Phytopharm's Dr Richard Dixey explained how P.57 actually works:
"There is
a part of your brain, the hypothalamus. Within that mid-brain there are nerve
cells that sense glucose sugar.
"When you
eat, blood sugar goes up because of the food, these cells start firing and now
you are full.
"What the
natural cactus Hoodia seems to contain is a molecule that is about 10,000 times
as active as glucose.
"It goes
to the mid-brain and actually makes those nerve cells fire as if you were full.
But you have not eaten. Nor do you want to."
Clinical trials
Dixey
organised the first animal trials for Hoodia. Rats, a species that will eat
literally anything, stopped eating completely.
When the
first human clinical trial was conducted, a morbidly obese group of people were
placed in a "phase 1 unit", a place as close to prison as it gets.
All the
volunteers could do all day was read papers, watch television, and eat.
Half were
given Hoodia, half placebo.
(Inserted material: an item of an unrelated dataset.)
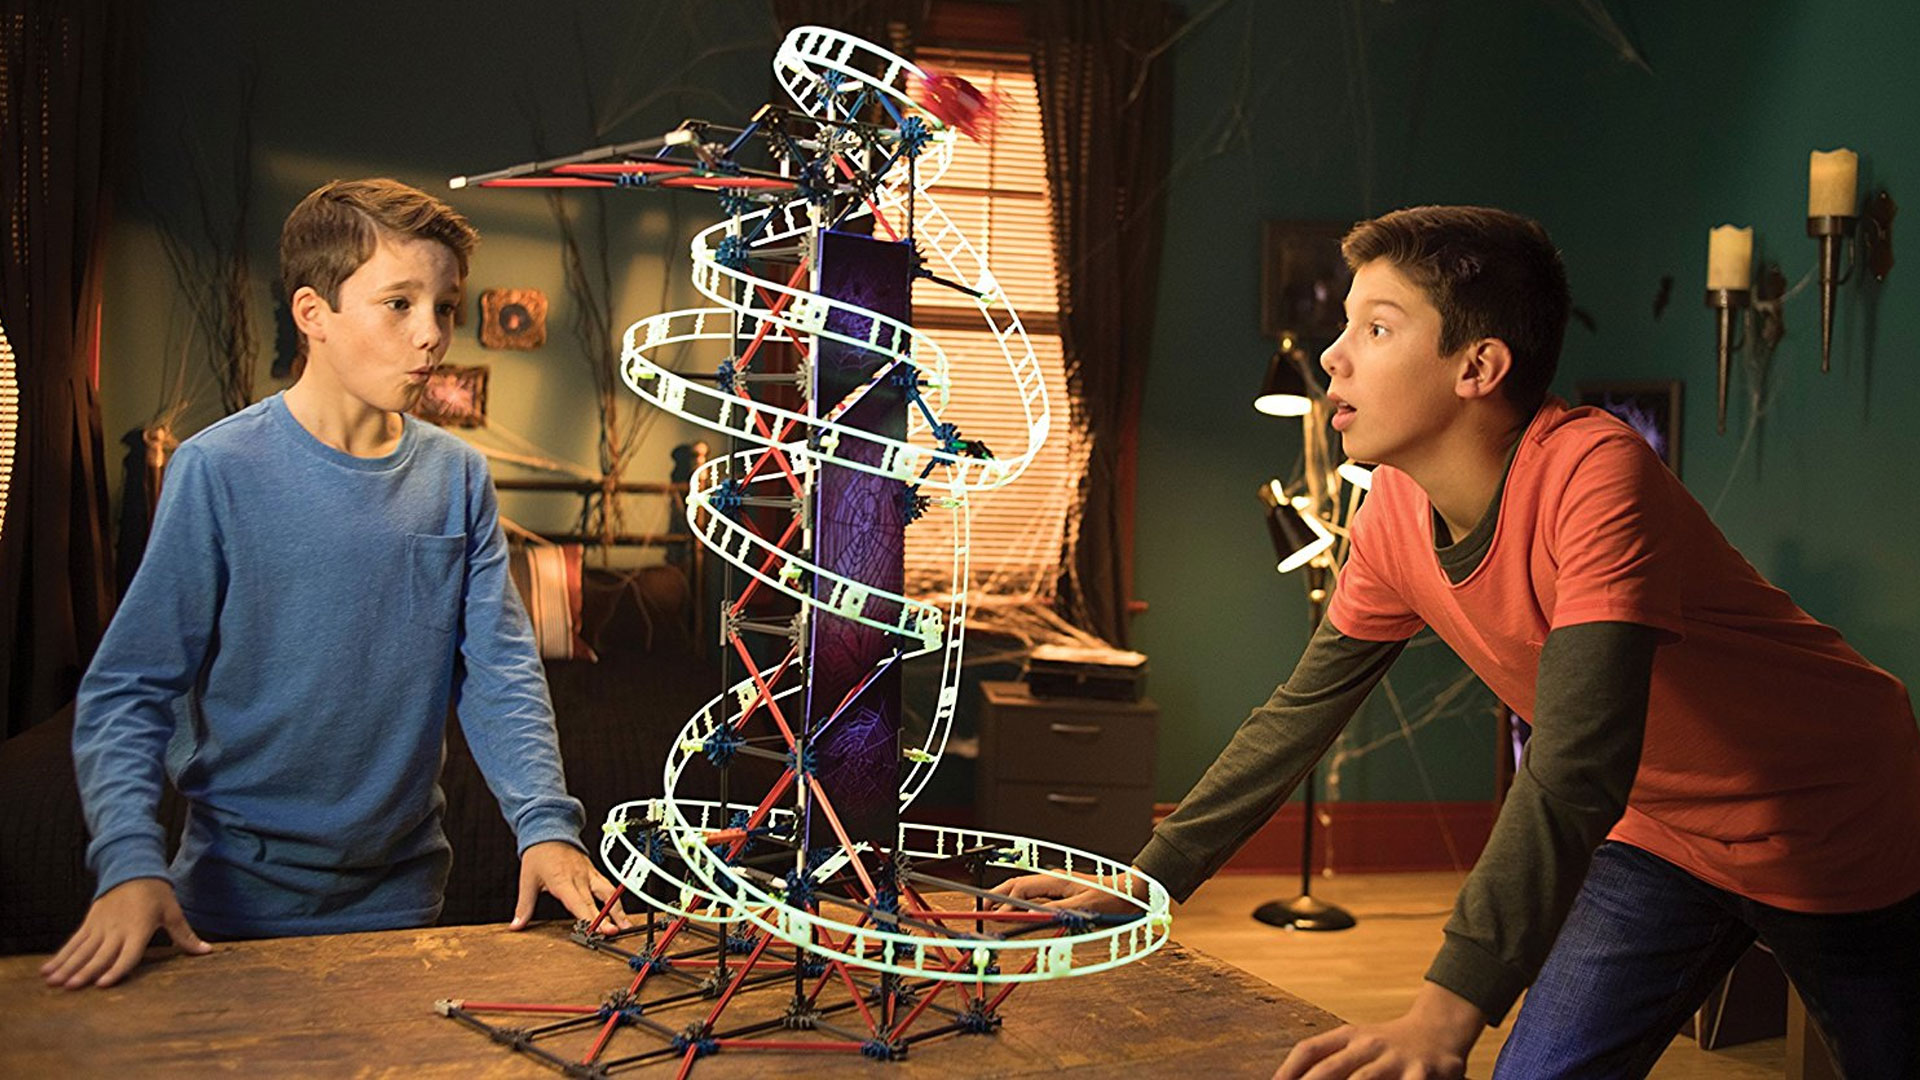 Build this roller coaster K'NEX set w/ your kids this fall: $35 (Reg. $50)

Fifteen days later, the Hoodia group had reduced
their calorie intake by 1000 a day.
It was a
stunning success.
The cactus test
In order to see for
ourselves, we drove into the desert, four hours north of Capetown in search of
the cactus.
Once there, we found an
unattractive plant which sprouts about 10 tentacles, and is the size of a long
cucumber.
Each tentacle is covered in
spikes which need to be carefully peeled.
Inside is a slightly
unpleasant-tasting, fleshy plant.
At about 1800hrs I ate
about half a banana size - and later so did my cameraman.
Soon after, we began the
four hour drive back to Capetown.
The plant is said to have a
feel-good almost aphrodisiac quality, and I have to say, we felt good.
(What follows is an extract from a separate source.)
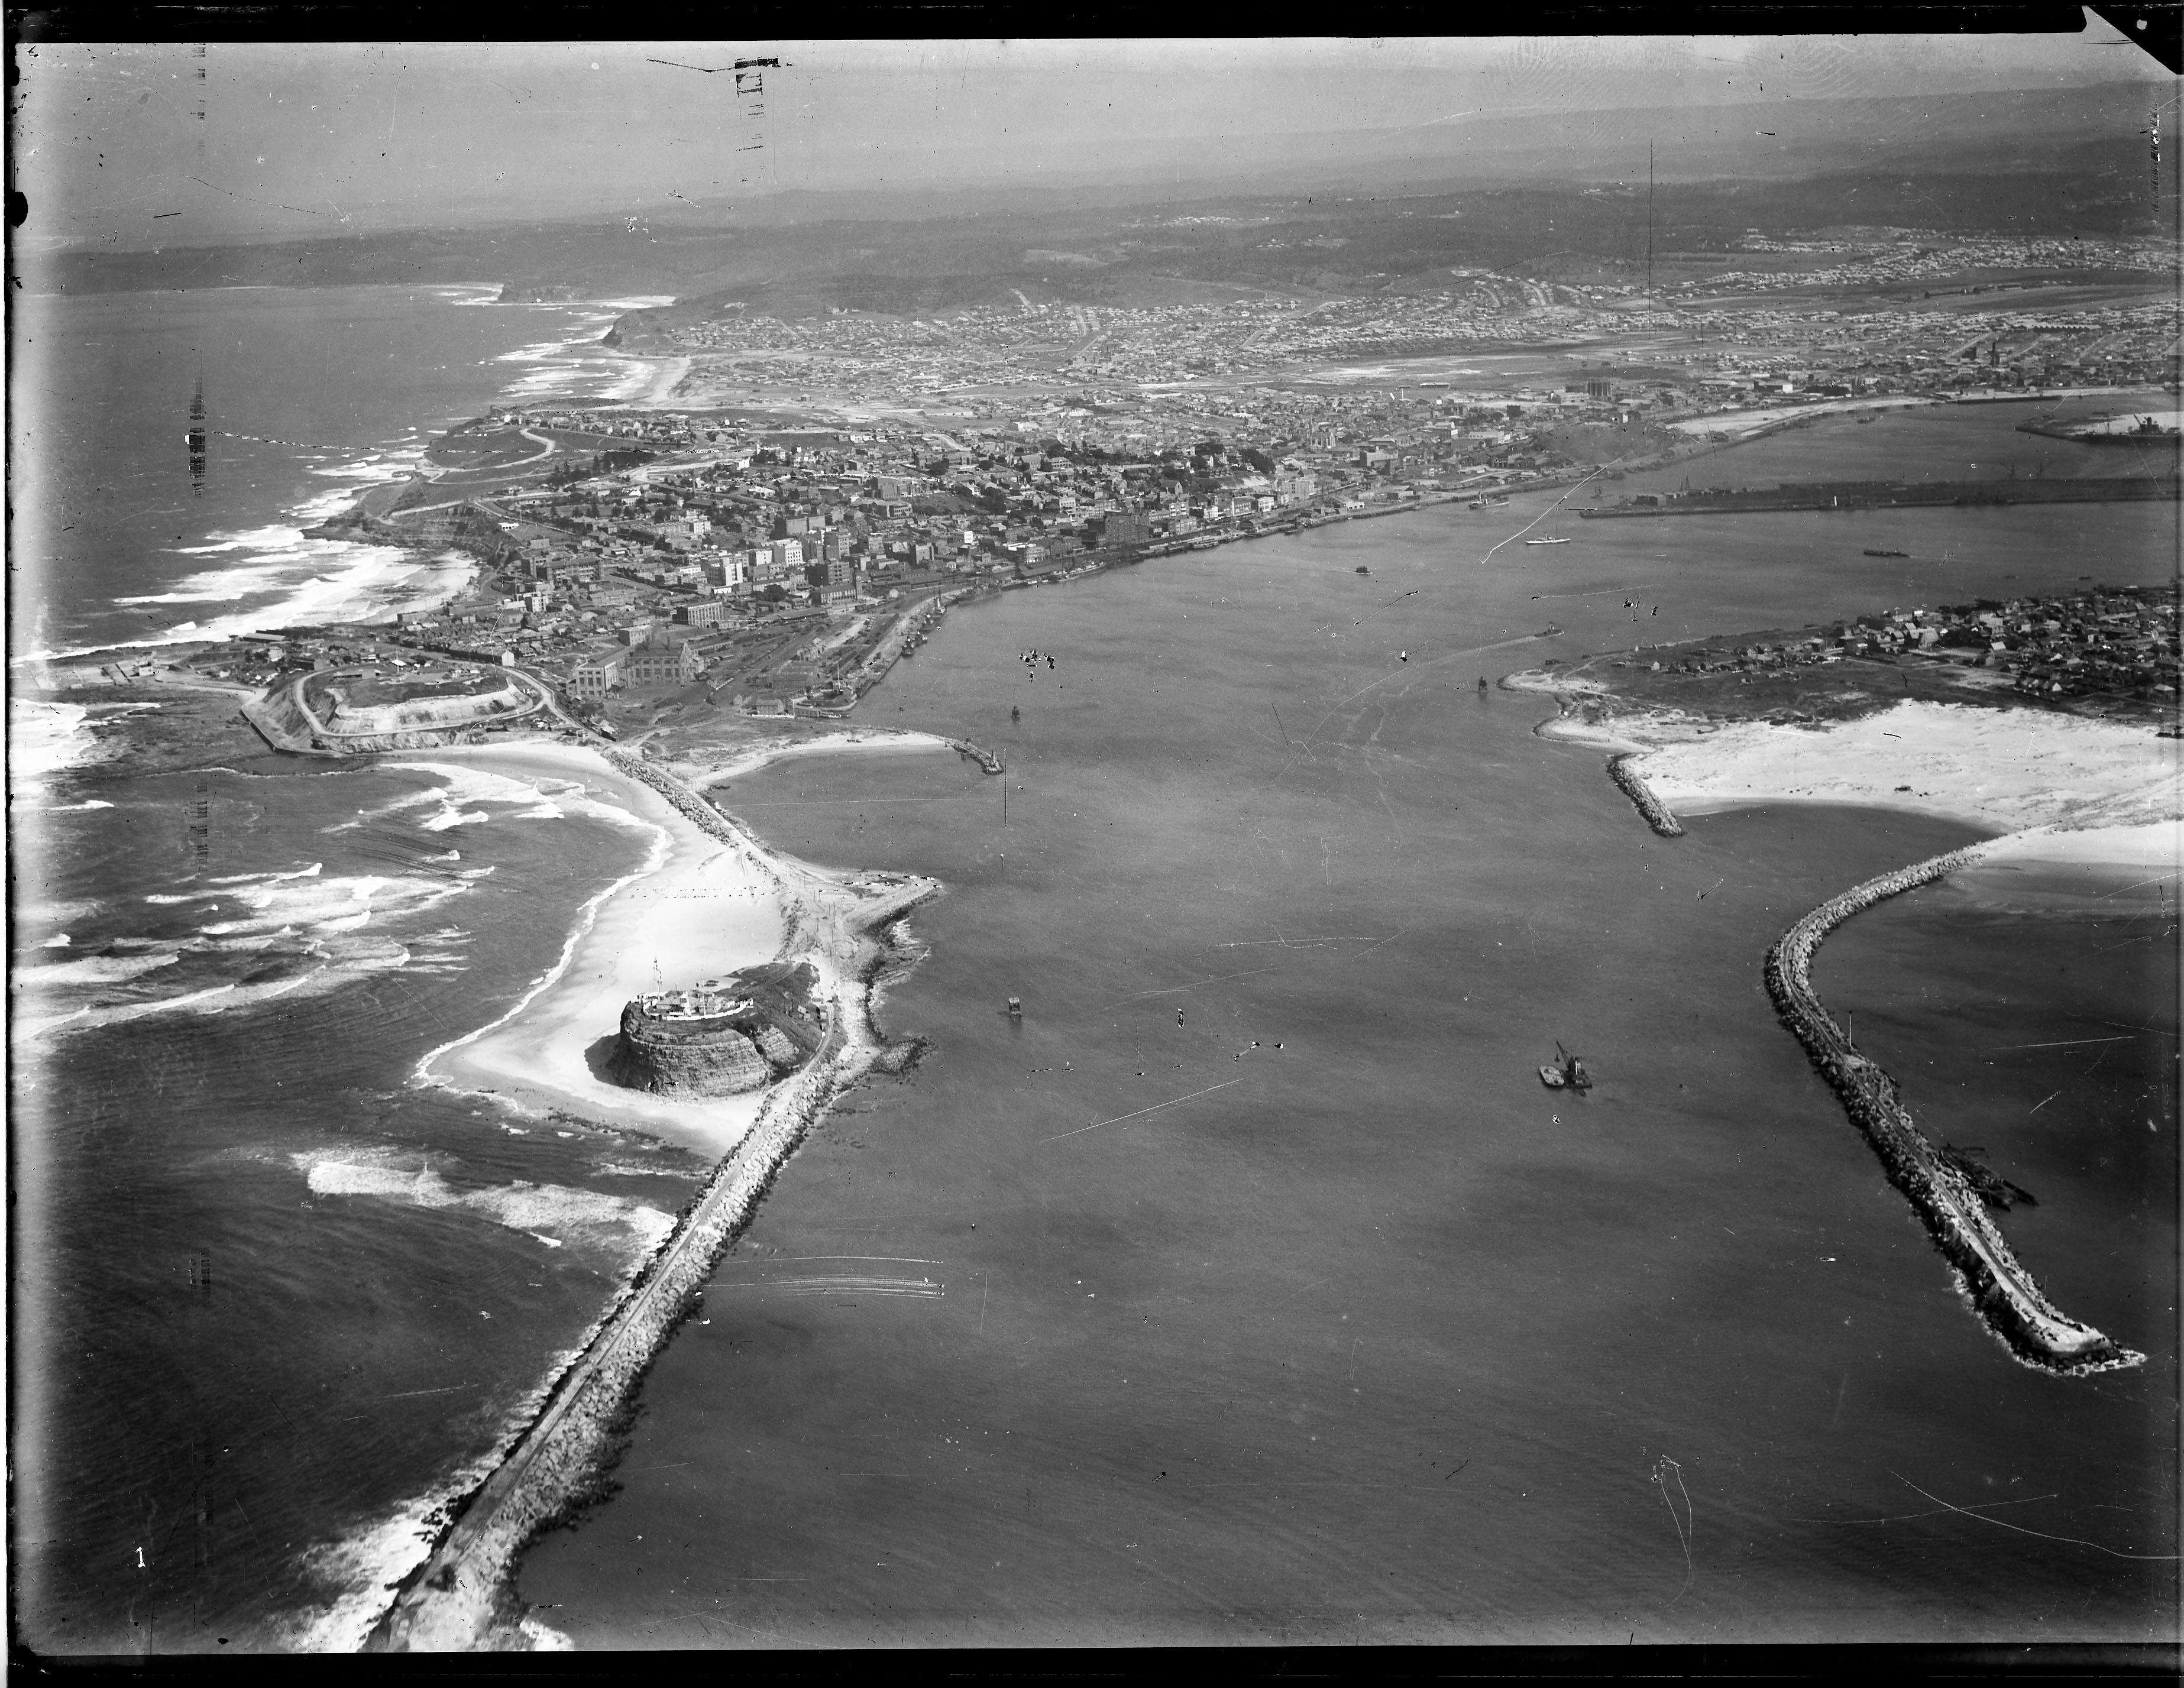 Newcastle aerial, 1934 (Image 61 Courtesy of Phillip Warren)

But more significantly, we
did not even think about food. Our brains really were telling us we were full.
It was a magnificent deception.
Dinner time came and went.
We reached our hotel at about midnight and went to bed without food. And the
next day, neither of us wanted nor ate breakfast.
I ate lunch but without
appetite and very little pleasure. Partial then full appetite returned slowly
after 24 hours.
The future
Mr Chennells is ecstatic:
"The San will finally throw
off thousands of years of oppression, poverty, social isolation and
discrimination.
"We will create trust funds
with their Hoodia royalties and the children will join South Africa's middle
classes in our lifetime.
"I envisage Hoodia cafes in
London and New York, salads will be served and the Hoodia cut like cucumber on
to the salad.
"It will need flavouring to
counter its unpleasant taste, but if it has no side effects and no cumulative
side-effects."
Unfortunately for the
overweight, Hoodia will not be around for several years, the clinical trials
still have several years to run.
Do not travel to the
Kalahari to steal the cactus as it is hard to find and illegal to export.